Por uma vida mais distraída
Recebi esse texto de uma amiga que fiz num antigo local de trabalho. Agora que ela está tão longe, em outro continente, vamos, estranhamente, ficando um pouquinho mais próximas. Isso é muito bom. Estar perto, muitas vezes, não significa estar acessível ao coração.

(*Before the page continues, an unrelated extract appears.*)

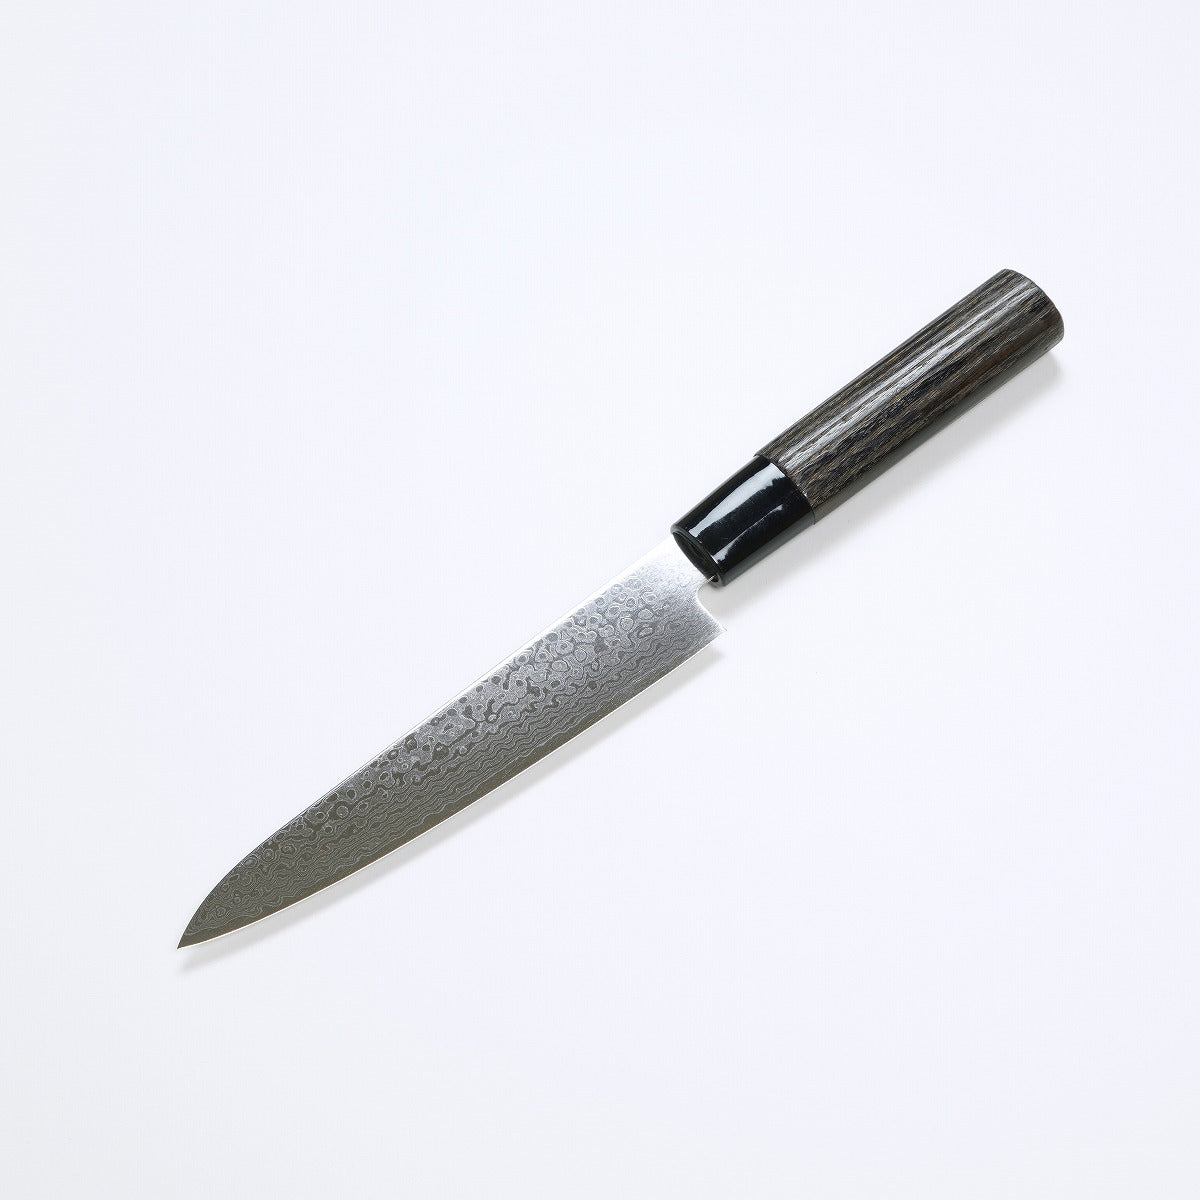 生果刀 (功能刀) ZA18不鏽鋼+ 墨流模樣, 150mm

Por não estarmos distraídos
Havia a levíssima embriaguez de andarem juntos, a alegria como quando se sente a garganta um pouco seca e se vê que por admiração se estava de boca entreaberta: eles respiravam de antemão o ar que estava à frente, e ter esta sede era a própria água deles. Andavam por ruas e ruas falando e rindo, falavam e riam para dar matéria peso à levíssima embriaguez que era a alegria da sede deles. Por causa de carros e pessoas, às vezes eles se tocavam, e ao toque - a sede é a graça, mas as águas são uma beleza de escuras - e ao toque brilhava o brilho da água deles, a boca ficando um pouco mais seca de admiração. Como eles admiravam estarem juntos! Até que tudo se transformou em não. Tudo se transformou em não quando eles quiseram essa mesma alegria deles. Então a grande dança dos erros. O cerimonial das palavras desacertadas. Ele procurava e não via, ela não via que ele não vira, ela que, estava ali, no entanto. No entanto ele que estava ali. Tudo errou, e havia a grande poeira das ruas, e quanto mais erravam, mais com aspereza queriam, sem um sorriso. Tudo só porque tinham prestado atenção, só porque não estavam bastante distraídos. Só porque, de súbito exigentes e duros, quiseram ter o que já tinham. Tudo porque quiseram dar um nome; porque quiseram ser, eles que eram. Foram então aprender que, não se estando distraído, o telefone não toca, e é preciso sair de casa para que a carta chegue, e quando o telefone finalmente toca, o deserto da espera já cortou os fios. Tudo, tudo por não estarem mais distraídos. • Clarice Lispector
*fotocomposição de Dan Mountford.
Um comentário:
meu comentário não tem nada a ver com o texto, mas com sua introdução: é engraçado como a distância aproxima (gostei desse oxímoro!). experiência própria: morando em outro país sinto saudades de pessoas que eu não via sempre no brasil e que, mesmo no brasil, moravam longe de mim. acho que só a possibilidade de vê-las a qualquer momento, quando eu também estava no brasil (menos distante do que agora), fazia com que eu não desse conta da saudade, ou simplesmente não me importasse com isso. não sei explicar, hehe.